There is no standard as to what a CSV file should look like, and the
SQLite shell does not even attempt to handle all the intricacies of
interpreting a CSV file. If you need to import a complex CSV file and
the SQLite shell doesn't handle it, you may want to try a different
front end, such as SQLite Database Browser.
On the other hand Mysql and Postgresql are more capable of handling CSV data and mysql's LOAD DATA IN FILE and Postgresql COPY are both painless ways to import very large amounts of data in a very short period of time.
Suitability of Sqlite.
You are using django => you are building a web app => more than one user will access the database. This is from the manual about concurrency.
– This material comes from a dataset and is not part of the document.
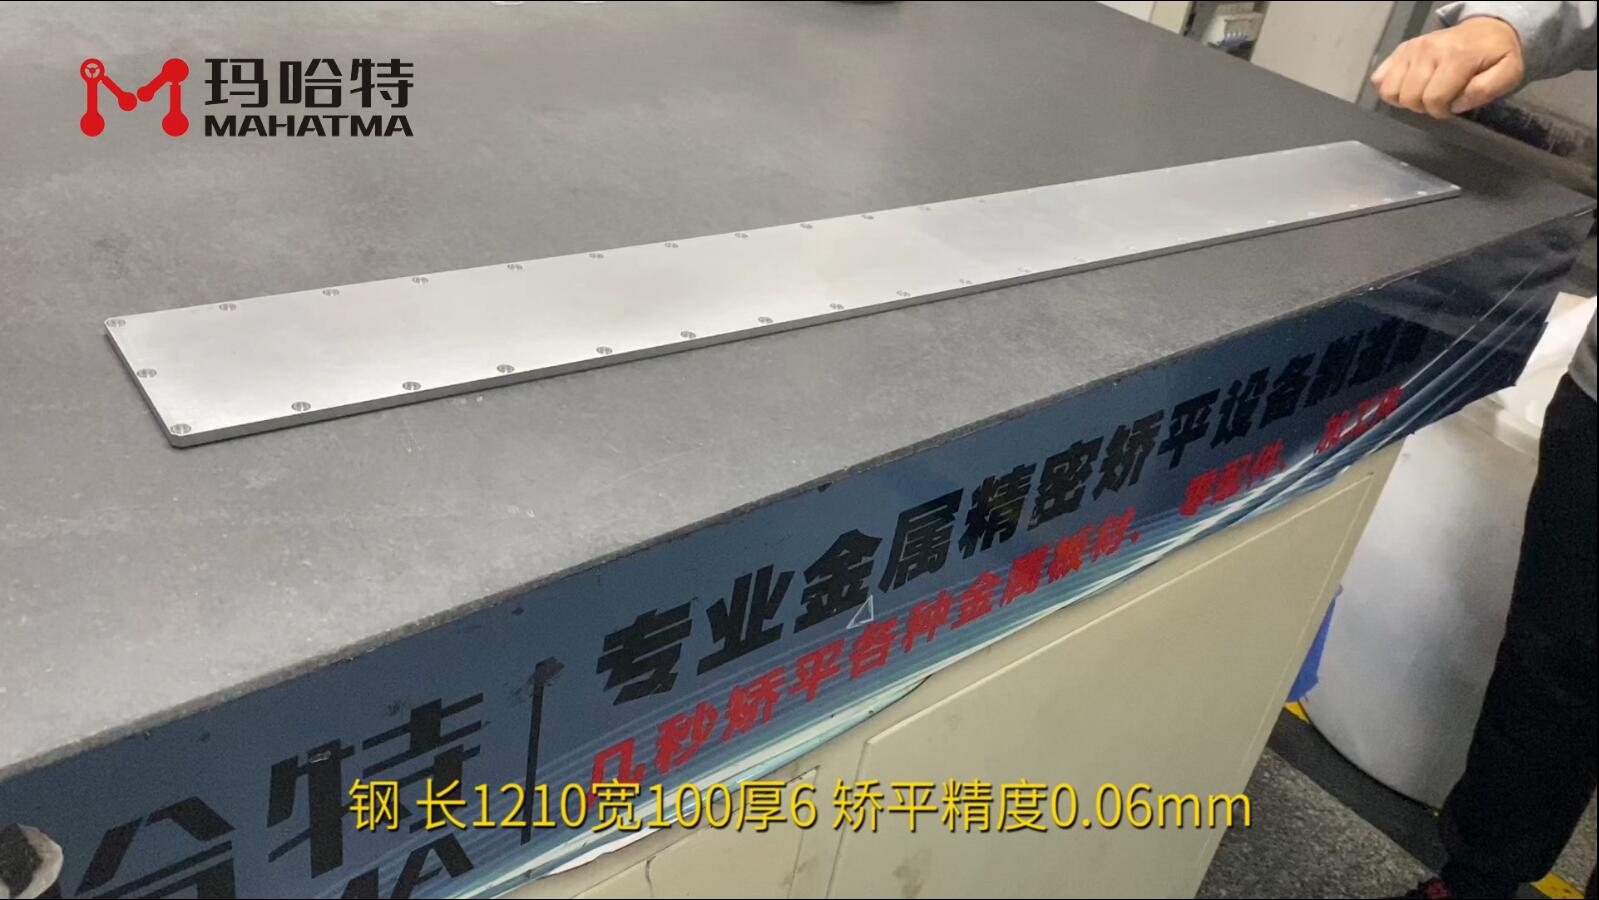 钢 MHT120-1300 长方形 长1210宽100厚6 矫平精度0.06mm
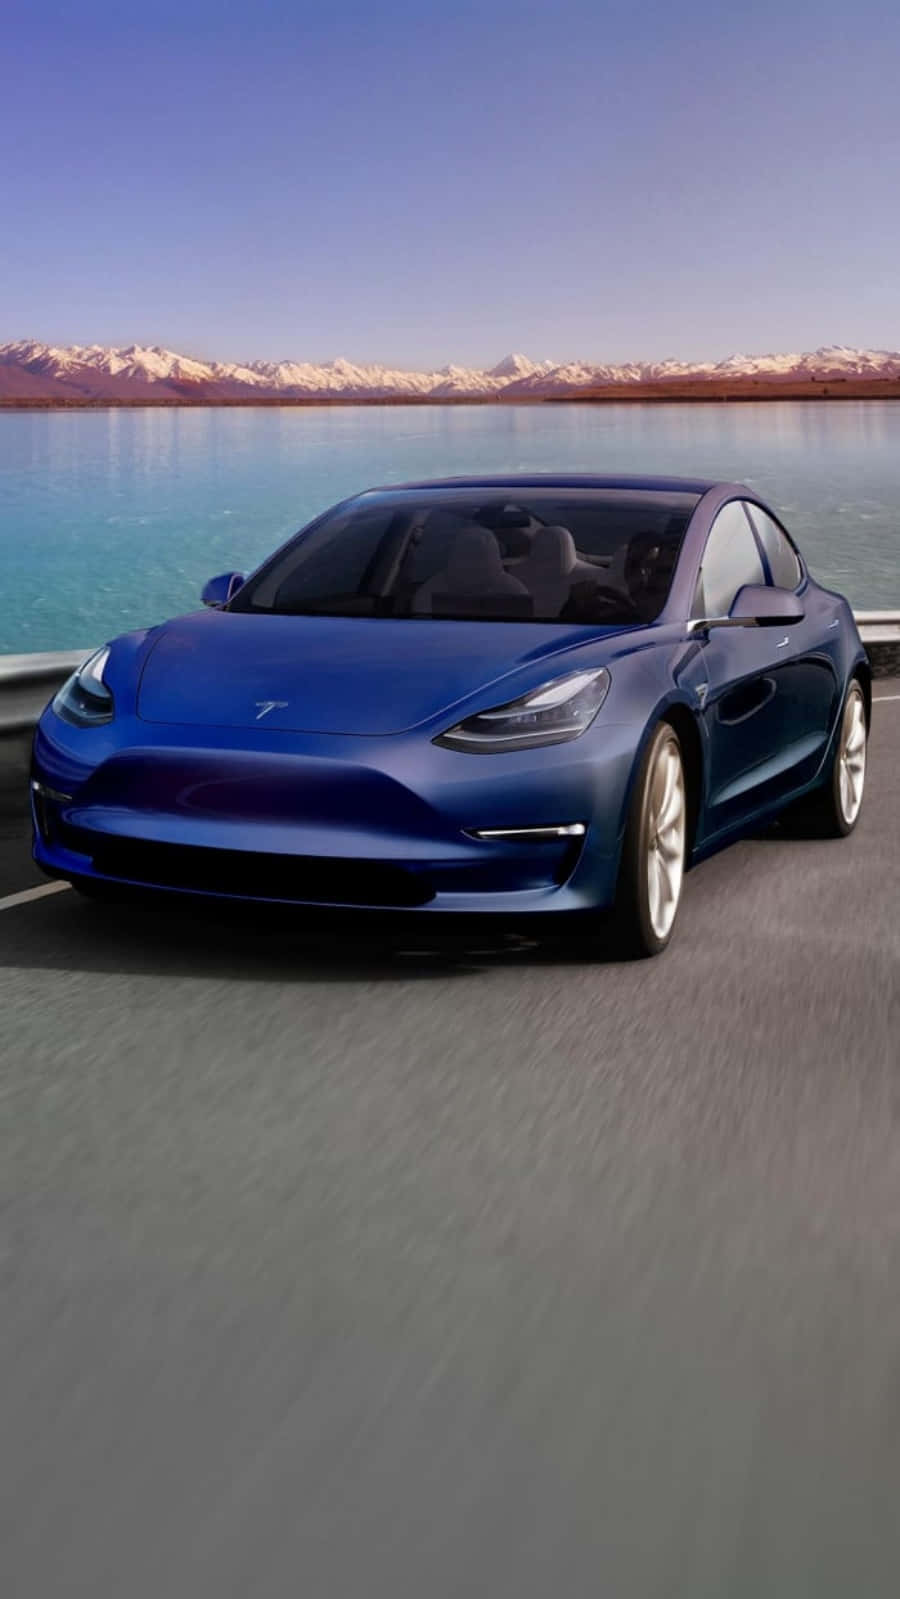 Teslamodello 3 - Tesla Modello 3 - Tesla Modello 3 - Tesla Modello 3 - Tesla Modello 3

SQLite supports an unlimited number of simultaneous readers, but it
will only allow one writer at any instant in time. For many
situations, this is not a problem. Writer queue up. Each application
does its database work quickly and moves on, and no lock lasts for
more than a few dozen milliseconds. But there are some applications
that require more concurrency, and those applications may need to seek
a different solution.
Even your read operations are likely to be rather slow because an sqlite database is just one single file. So with this amount of data there will be a lot of seek operations involved. The data cannot be spread across multiple files or even disks as is possible with proper client server databases.
The good news for you is that with Django you can usually switch from Sqlite to Mysql to Postgresql just by changing your settings.py. No other changes are needed. (The reverse isn't always true)
So I urge you to consider switching to mysql or postgresl before you get in too deep. It will help you solve your present problem and also help to avoid problems that you will run into sooner or later.
6,000,000 is quite a lot to import via Python. If Python is not a hard requirement, you could write a SQLite script that directly import the CSV data and create your tables using SQL statements. Even faster would be to preprocess your file using awk and output two CSV files corresponding to your two tables.
I used to import 20,000,000 records using sqlite3 CSV importer and it took only a few minutes minutes.